> Problem statement
Below are the records; extract from them the line containing "Svolta digitale LiteForex" to the line containing "Bìa sách Tuyển", both lines included, exactly and with no pictures.

> The data

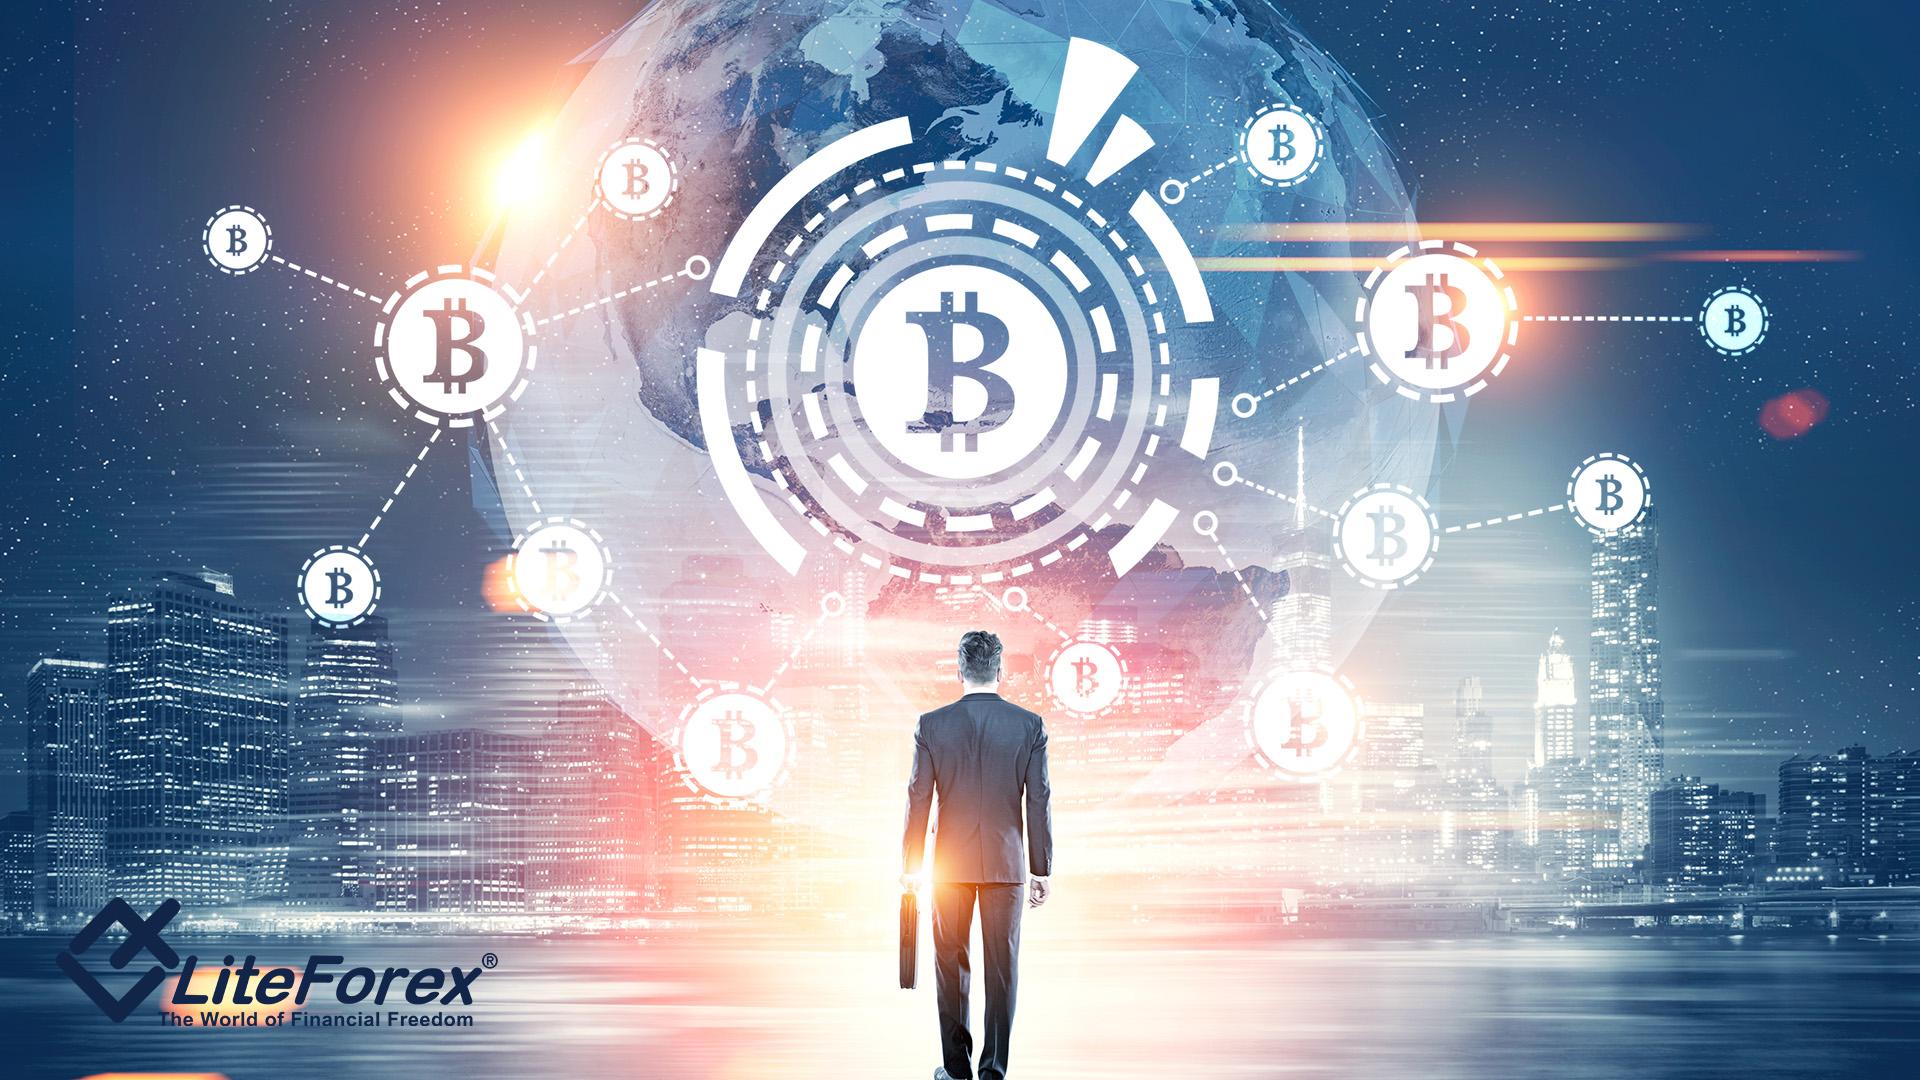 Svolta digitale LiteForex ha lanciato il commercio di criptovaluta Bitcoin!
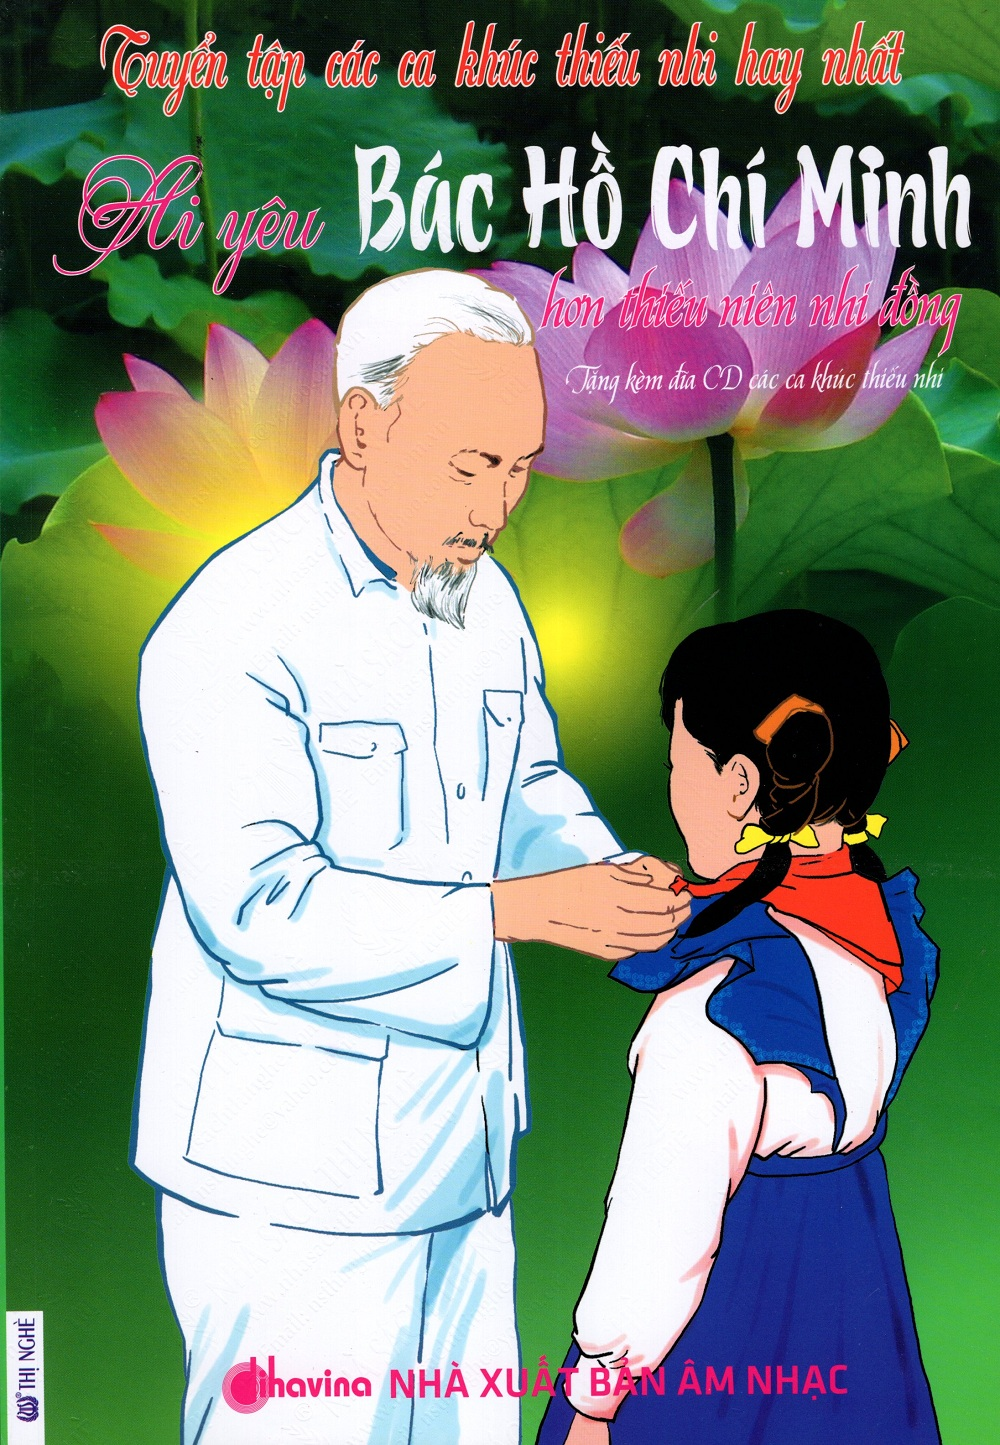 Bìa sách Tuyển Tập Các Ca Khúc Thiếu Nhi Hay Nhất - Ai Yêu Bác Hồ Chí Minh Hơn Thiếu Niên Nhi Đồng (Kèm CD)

--

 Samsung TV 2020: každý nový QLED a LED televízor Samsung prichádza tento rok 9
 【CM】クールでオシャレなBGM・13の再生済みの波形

> Answer for this exercise
 Svolta digitale LiteForex ha lanciato il commercio di criptovaluta Bitcoin!
 Bìa sách Tuyển Tập Các Ca Khúc Thiếu Nhi Hay Nhất - Ai Yêu Bác Hồ Chí Minh Hơn Thiếu Niên Nhi Đồng (Kèm CD)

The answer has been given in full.